Rubius To Build $155-Million Cell Therapy Mfg Facility

Rubius Therapeutics, a Cambridge, Massachusetts-headquartered biopharmaceutical company developing cellular therapies, is investing up to $155 million to establish a manufacturing facility in Rhode Island.

Rubius intends to invest up to $155 million over a more than five-year period to renovate a 135,000-square-foot manufacturing facility through the adaptive reuse of an existing building in Smithfield, Rhode Island.

Rubius is developing a class of therapies that it calls Red Cell Therapeutics (RCTs), which are based on red blood cells. The company has developed a platform to genetically engineer and culture RCTs as cellular therapies. The company says that its cellular therapies can be transfused into approximately 95% of patients since they are produced from O negative donor blood stem cells and that they use scalable and flexible manufacturing to enable production of thousands of doses in bioreactors from a single donor, depending upon the therapeutic application.

The company says its proprietary process can generate a wide variety of allogeneic, ready-to-use RCT product candidates through the following steps: (1) obtaining CD34+ hematopoietic precursor cells from the blood of O negative donors; (2) genetically engineering the cells to express biotherapeutic proteins within the cell or on the cell surface of the RCTs; (3) expanding the number of cells and differentiating them into reticulocytes, which are enucleated red-blood cell precursors; and (4) formulating, characterizing and storing doses of the resulting RCT product candidate for later infusion into patients. The company says that by modifying only one of its initial manufacturing steps in which it adds a gene or genes that encode biotherapeutic proteins within the cell or on the cell surface of RCTs, it is able to develop new RCTs designed to treat different diseases.
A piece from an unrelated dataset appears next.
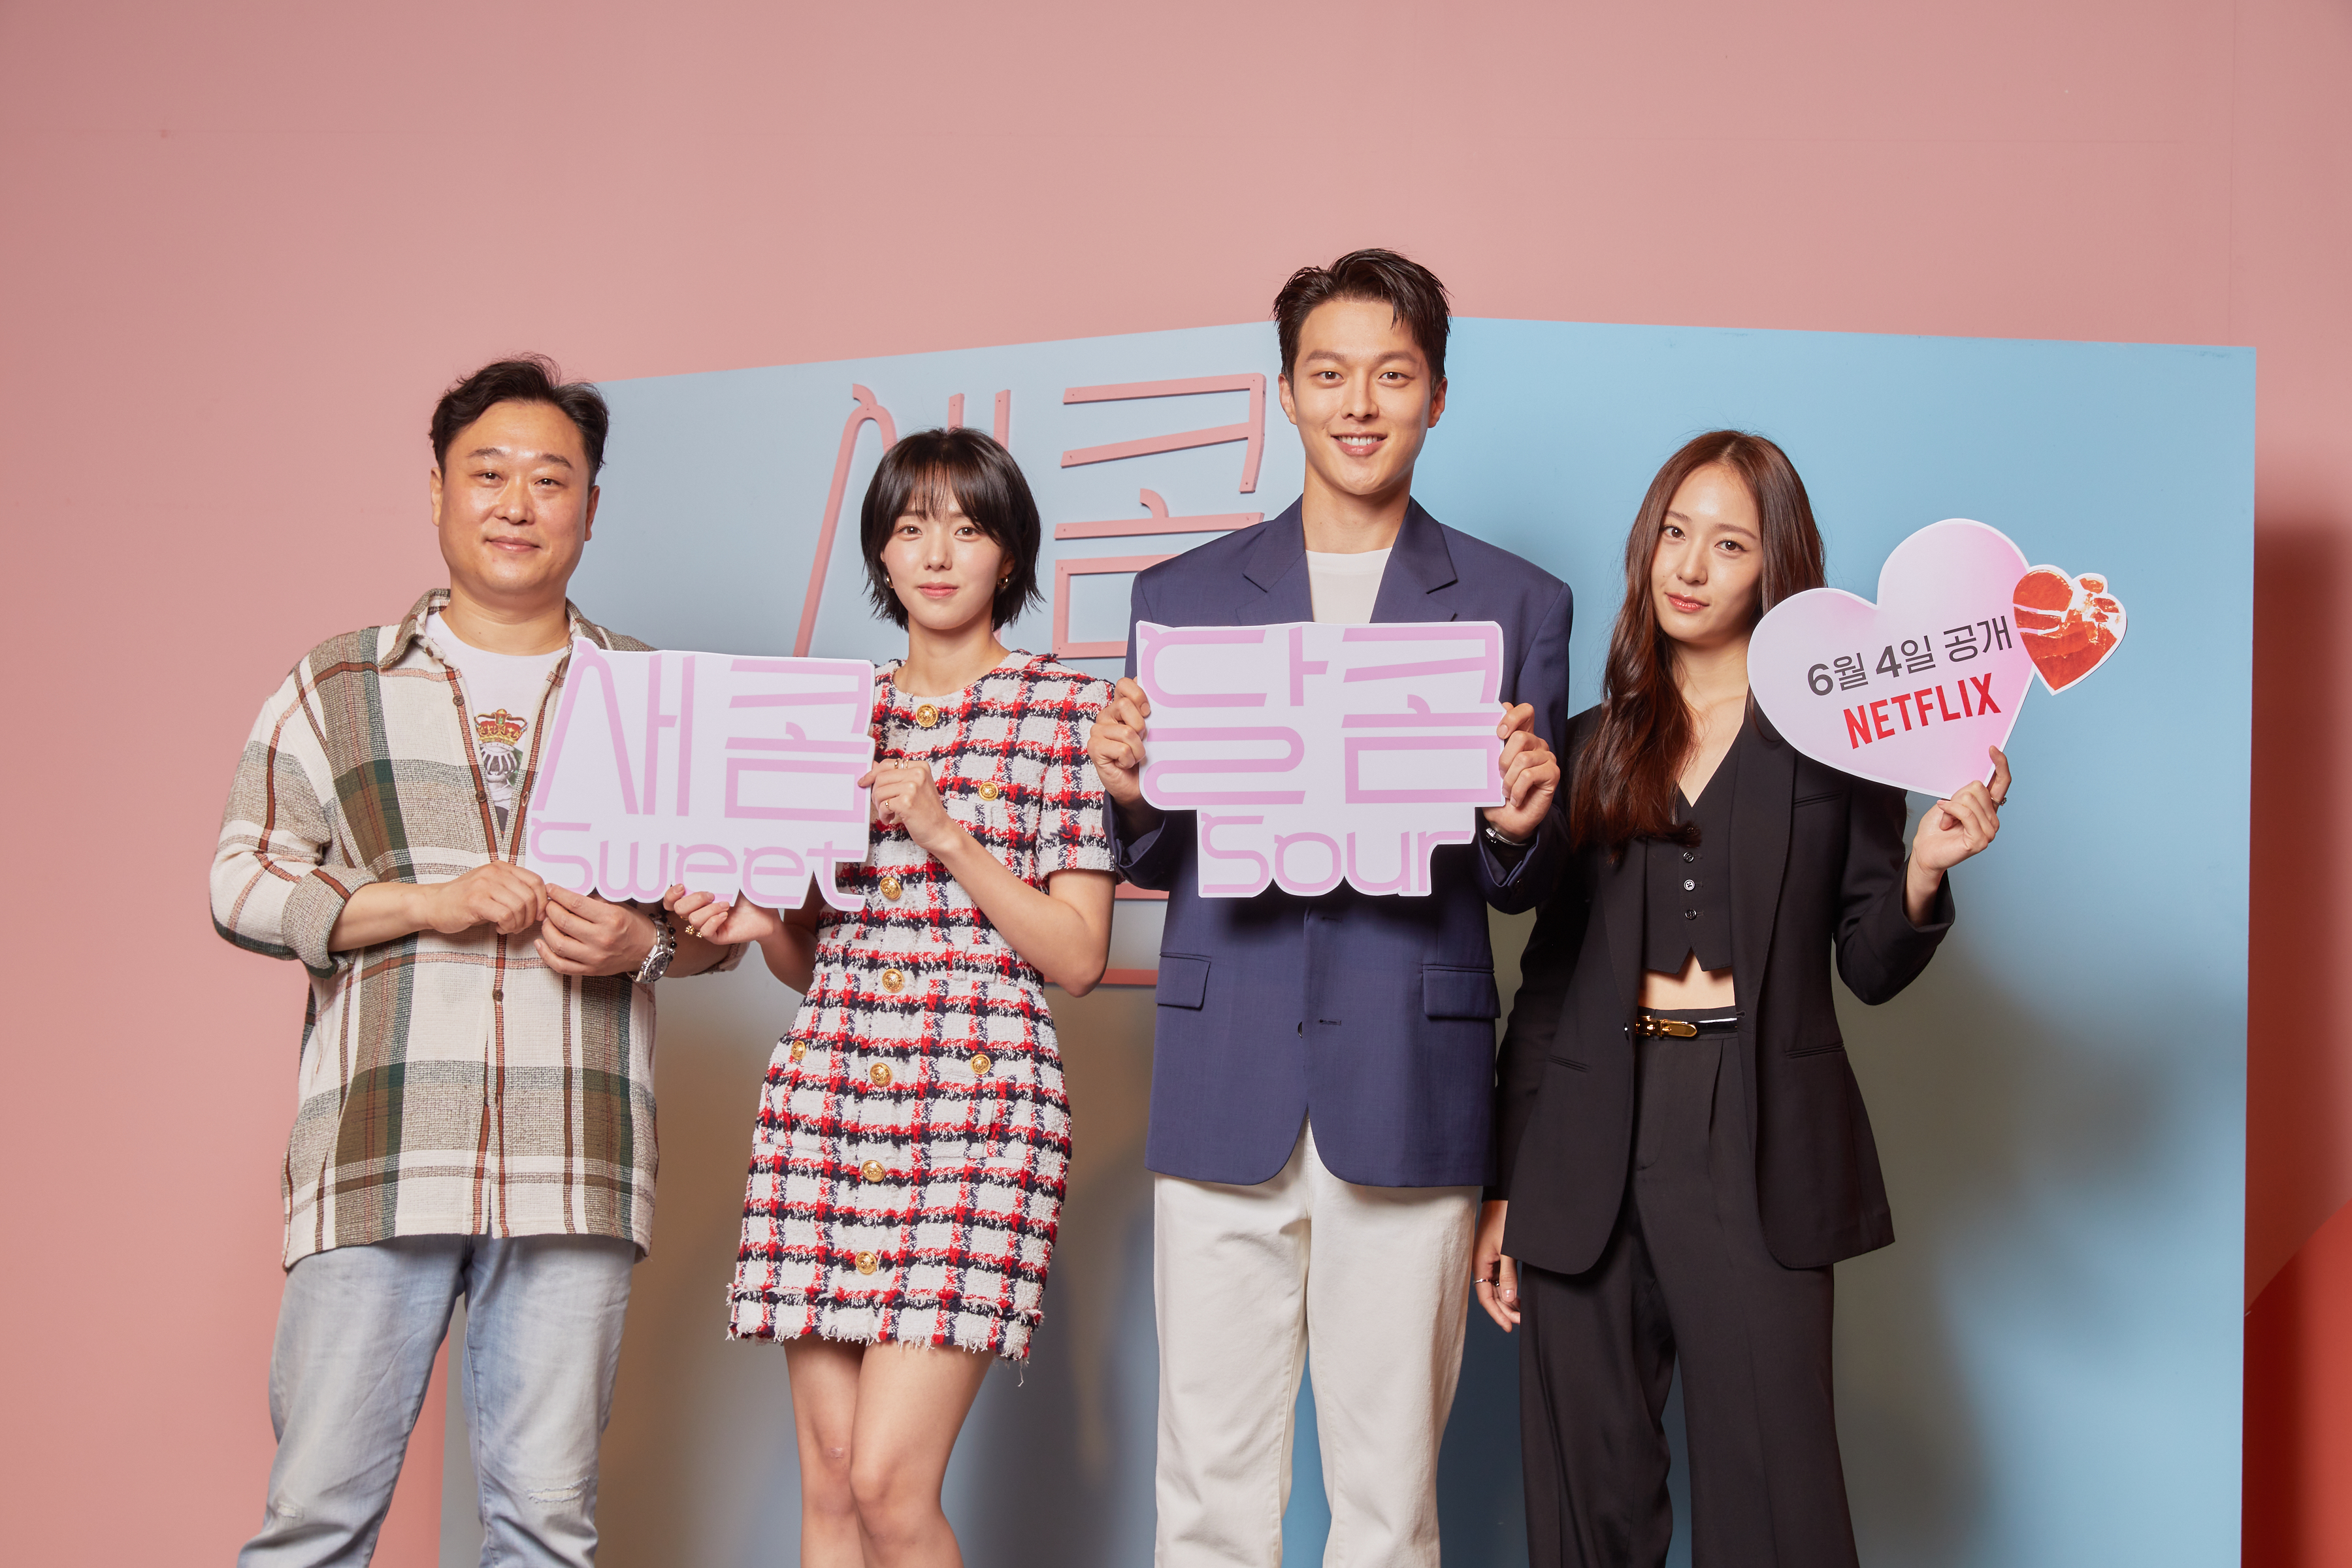 导演李桂曦（左起）、蔡秀彬、张基龙和郑秀晶一起宣传6月4日将在Netflix上线的《酸酸甜甜爱上你》，希望大家在看电影时能有所启发，并更珍惜身边的人。

Rubius is developing a pipeline of RCT product candidates with an initial focus in rare diseases, cancer, and autoimmune diseases. The company plans to file an investigational new drug application (IND) for its lead drug candidate as a treatment for phenylketonuria in the first quarter of 2019 and INDs for additional RCT product candidates during 2019, 2020, and thereafter, according to information from the company.

In February 2018, Rubius named Spencer Fisk as Senior Vice President, Manufacturing, who joined Rubius from Novartis, where he most recently served as Vice President and Global Head of Cell and Gene Technical Development and Manufacturing. Fisk spent the last six years at Novartis, where he most recently led the chemistry, manufacturing, and controls (CMC) development and manufacturing organization to deliver Novartis’ chimeric antigen receptor (CAR) T cell therapy portfolio for the company and successfully registered and launched, Kymriah (tisagenlecleucel), Novartis’ CAR T therapy for treating B-cell acute lymphoblastic leukemia.

Rubius recently announced an initial public offering of 9.53 million shares with a target prices of $20.00 to $22.00 per share with a target to raise approximately $200 million.